I have implemented CDC - SCD Type 2 on the customer data set.
I have implemented CDC on large of columns but the ask is to track behavior for only subset of those columns.
In the below input table I have ID column for the customer and RATE_CODE as one of the CDC field and START and END DATES are the CDC changes dates.
In this I wan't to know how over a period of time the customer data(RATE_CODE) is changing.
EX Row 1-3 has same RATE_CODE thus i need min(START_DATE) from ROW#1 and max(END_DATE) from ROW#3.

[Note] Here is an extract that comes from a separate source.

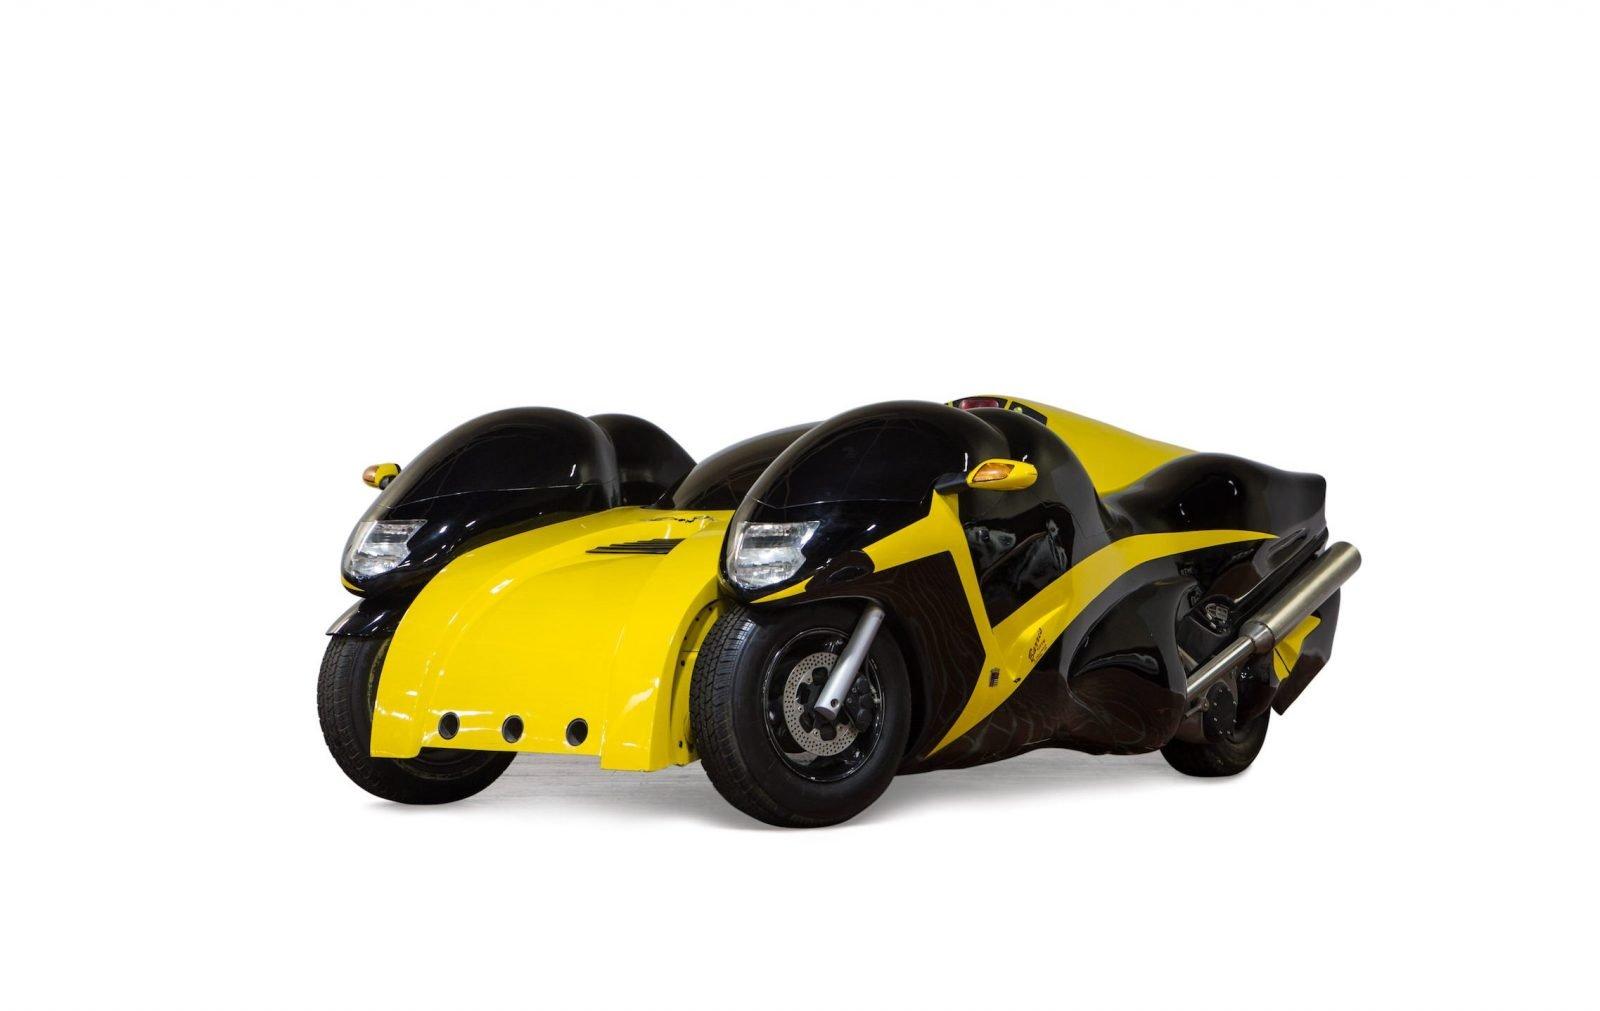 Team Knight Rider High Speed Pursuit Vehicle e1493200417466 1600x1011 - The Team Knight Rider High Speed Pursuit Vehicle

I tried applying group by on (ID,RATE_CODE) and min and max on dates but it is giving wrong value as in that case the max value will be picked from ROW#9 (for which I want a separate entry considering the ROW#6-9)
INPUT TABLE
ROW NUMBER | ID | RATE_CODE | START_DATE | END_DATE |
---|---|---|---|---|
1 | 1 | A1 | 01-01-2021 | 18-01-2021 |
2 | 1 | A1 | 18-01-2021 | 25-02-2021 |
3 | 1 | A1 | 25-02-2021 | 15-03-2021 |
4 | 1 | A2 | 15-03-2021 | 28-03-2021 |
5 | 1 | A2 | 28-03-2021 | 28-05-2021 |
6 | 1 | A1 | 28-05-2021 | 28-06-2021 |
7 | 1 | A1 | 28-06-2021 | 12-07-2021 |
8 | 1 | A1 | 20-07-2021 | 28-07-2021 |
9 | 1 | A1 | 28-08-2021 | 13-09-2021 |
10 | 1 | A2 | 13-09-2021 | 13-10-2021 |
EXPECTED OUTPUT
ID | RATE_CODE | START_DATE | END_DATE |
---|---|---|---|
1 | A1 | 01-01-2021 | 15-03-2021 |
1 | A2 | 15-03-2021 | 28-05-2021 |
1 | A1 | 28-05-2021 | 13-09-2021 |
1 | A2 | 13-09-2021 | 13-10-2021 |
There could be some articles or answer on the net as well but due to framing of the question I couldn't find them.
I want the solution in SQL but for the community PySpark and other languages are also welcomed.